Required Skills & Experience
- A minimum of 4 years of professional experience in data engineering, with at least 2 years specifically focused on master and reference data.
- Advanced expertise in Master Data Management (MDM) principles and best practices, with proven experience designing and implementing robust dimensional data models and architectural MDM solutions.
- Proficiency in a SQL-first development environment, with expert-level SQL skills for data modeling and transformations.
- Hands-on experience with modern cloud data platforms, particularly Databricks (for SQL notebooks, views, and dimensional modeling) and AWS RDS for PostgreSQL.
- Experience building and optimizing robust batch and streaming data pipelines.
- Proficiency in building and extending REST API endpoints on a PostgreSQL database to facilitate data synchronization and consumption by internal applications.
- Working knowledge of Python and Spark, utilized selectively for workloads where they are a better fit than SQL.
- Demonstrated ability in source system analysis, data profiling, and data mapping to ensure data integrity.
- Working knowledge of Agile/Scrum methodologies and familiarity with lifecycle management tools such as Jira and Confluence.

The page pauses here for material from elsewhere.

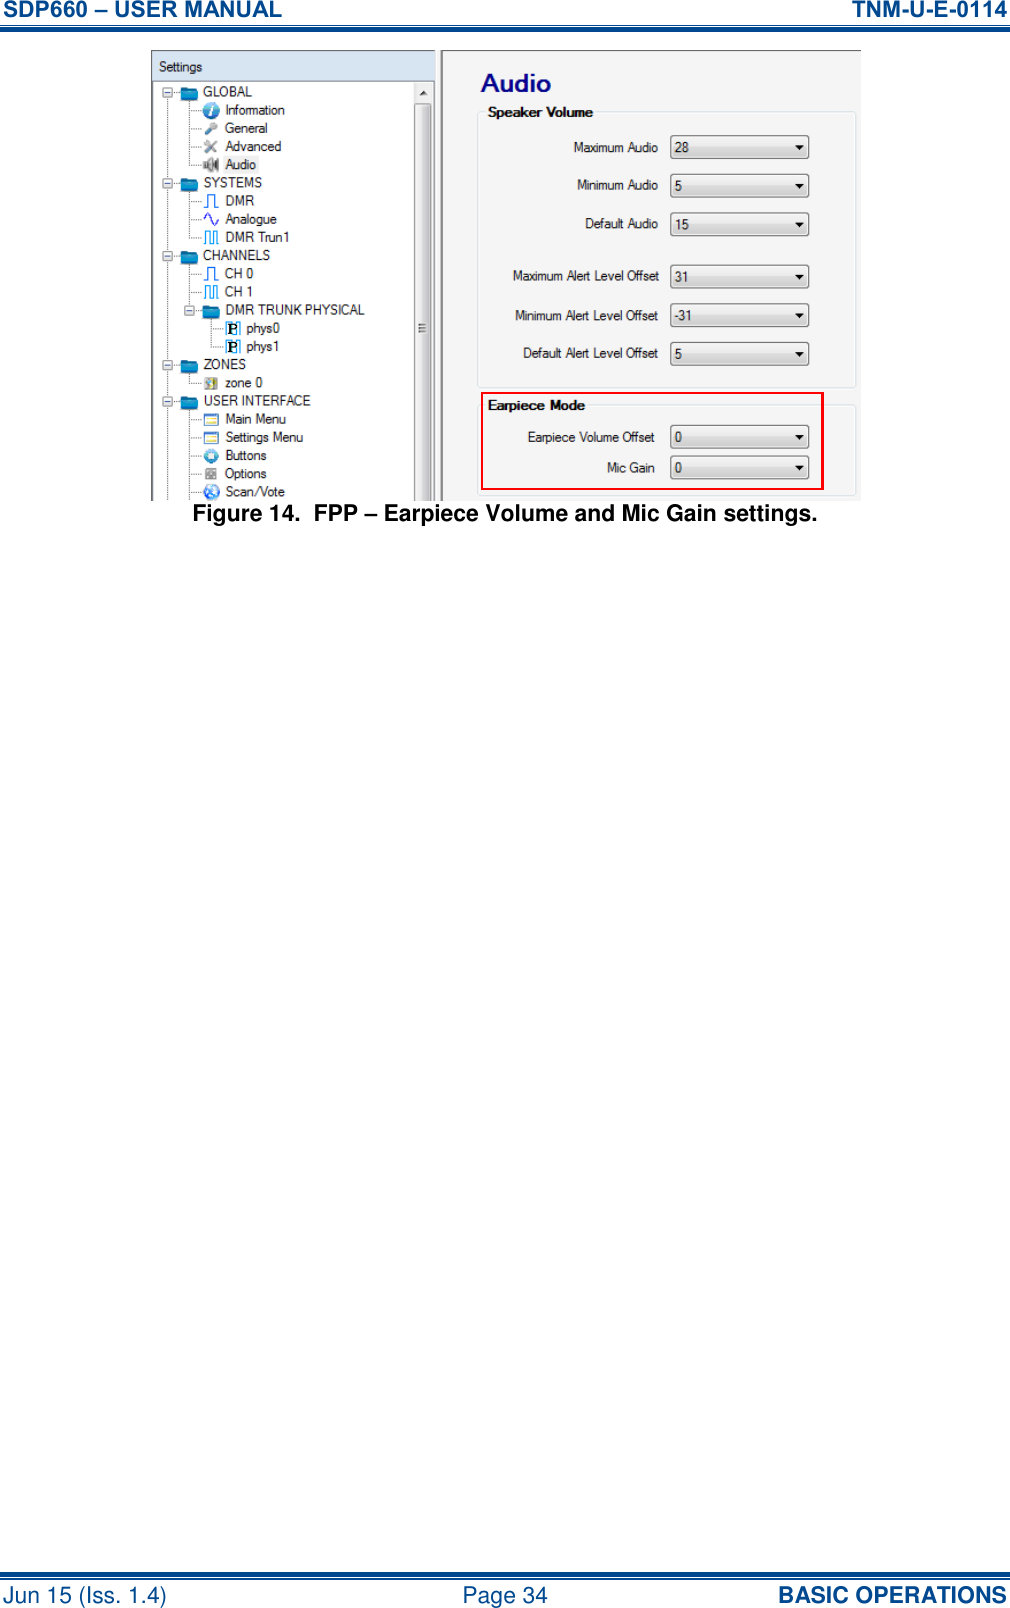 SDP660 – USER MANUAL  TNM-U-E-0114 Jun 15 (Iss. 1.4)  Page 34 BASIC OPERATIONS Figure 14.  FPP – Earpiece Volume and Mic Gain settings.     
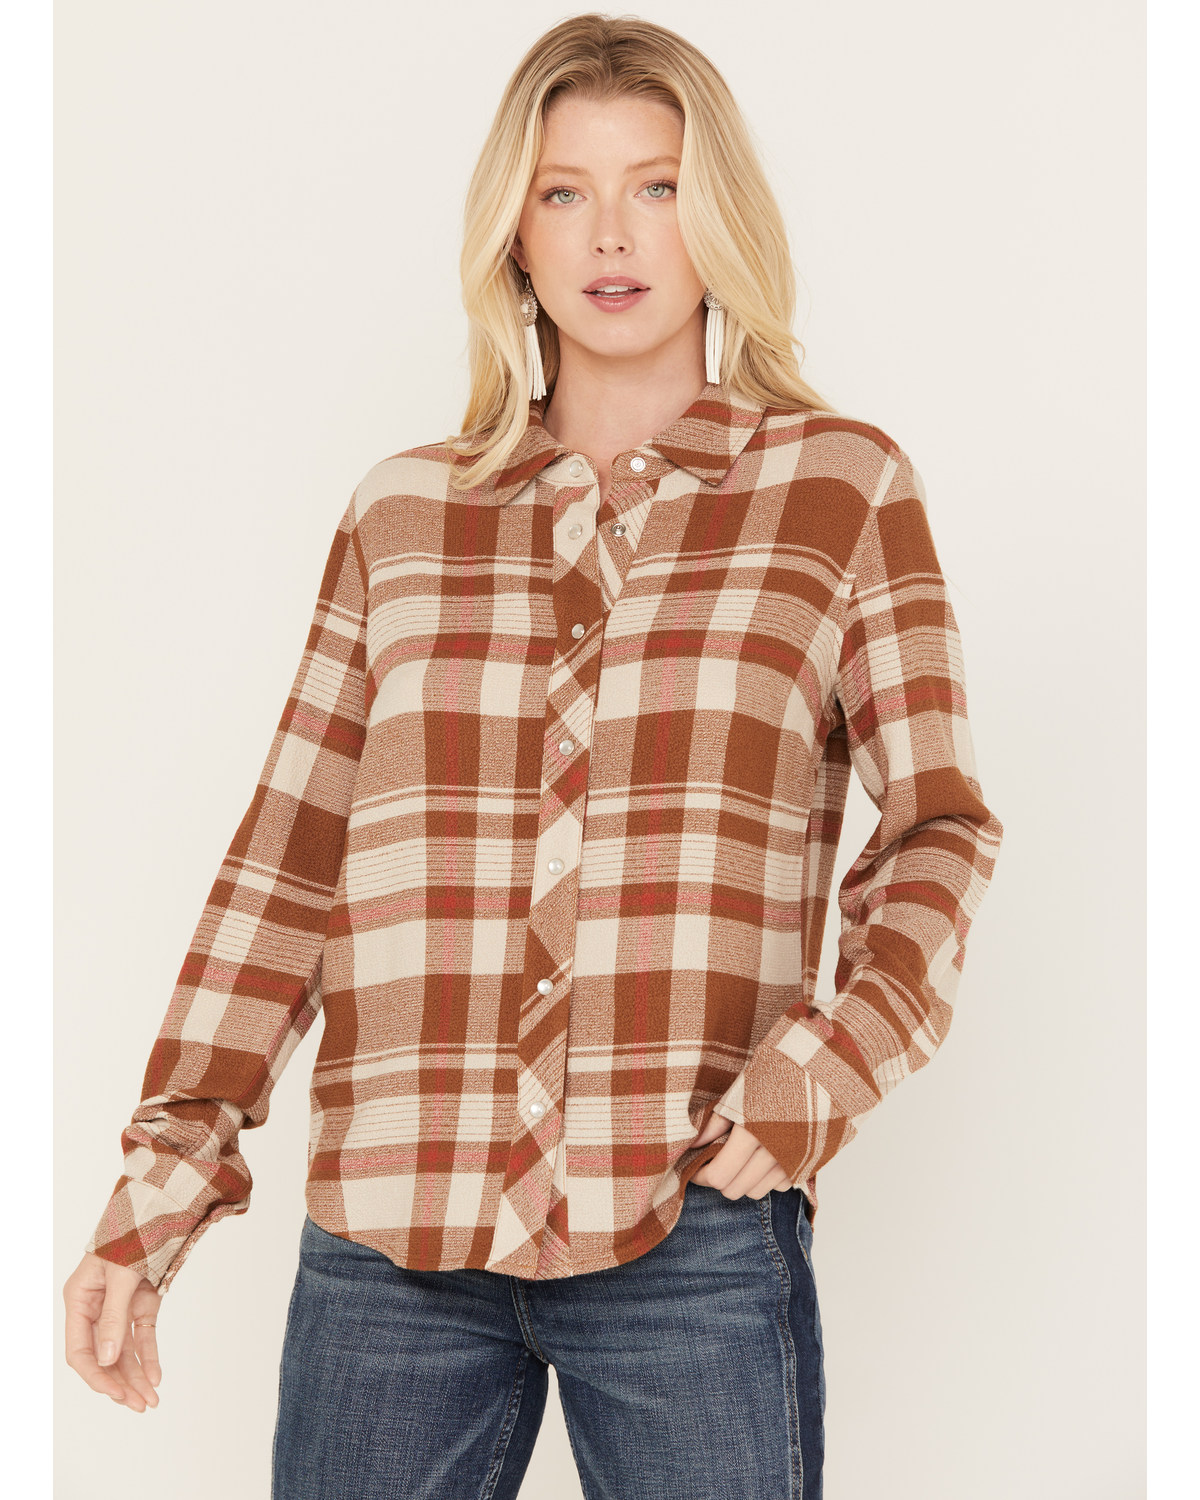 Idyllwind Women's Woodlands Feather Plaid Print Long Sleeve Pearl Snap Western Shirt

- Familiarity with software engineering best practices, including code reviews and CI/CD workflows (e.g., GitHub), and experience collaborating with platform teams on deployments.
- Strong business acumen, analytical skills, and intellectual curiosity with a high attention to detail
Nice to Have
- Professional experience within the logistics or supply chain industry.
- Experience implementing data quality frameworks and tools, such as dbt tests or Great Expectations.
- A foundational understanding of Generative AI concepts and their application in improving development efficiency, such as using built-in Databricks AI features.
- Hands-on experience with advanced Databricks features, including Unity Catalog for governance or Delta Live Tables (DLT) and Workflows for orchestration.
- Practical experience applying Generative AI for advanced data management tasks, such as PII detection or NLP-based entity resolution.
- Relevant professional certifications, such as Databricks Certified Data Engineer or AWS Certified Database - Specialty.
- Proven experience in mentoring other engineers or training business stakeholders and data stewards on data management best practices.
Soft Skills
- Exceptional Communication and Collaboration: Effectively articulate complex data concepts to diverse stakeholders, leading requirements gathering and collaborating closely with cross-functional teams, including platform and governance, to align on data strategies and processes.
- Leadership and Mentorship: Guide the design and development of master data solutions while actively sharing expertise, providing training, and promoting data management best practices to enhance data literacy across the organization.
- Analytical Acumen and Attention to Detail: Employ strong analytical and organizational skills to conduct meticulous source system analysis, data profiling, and mapping, with an intellectual curiosity to identify patterns and ensure the highest standards of data integrity.
- Autonomy and Adaptability: Demonstrate a proactive, self-starting approach to problem-solving, comfortably navigating ambiguity and adapting quickly to changing priorities in a dynamic, fast-paced environment.
- Strong Sense of Ownership: Take full accountability for the end-to-end lifecycle of master data solutions, from initial design and modeling to managing the API endpoints that ensure data synchronization and integrity across systems.
Why You Will Love Working with Lean Tech
Join a powerful tech workforce and help us change the world through technology
- Collaborative work environment
- Professional development opportunities with international customers
- Career path and mentorship programs that will lead to new levels.
Join Lean Tech and contribute to shaping the data landscape within a dynamic and growing organization. Your skills will be honed, and your contributions will play a vital role in our continued success. Lean Tech is an equal opportunity employer. We celebrate diversity and are committed to creating an inclusive environment for all employees.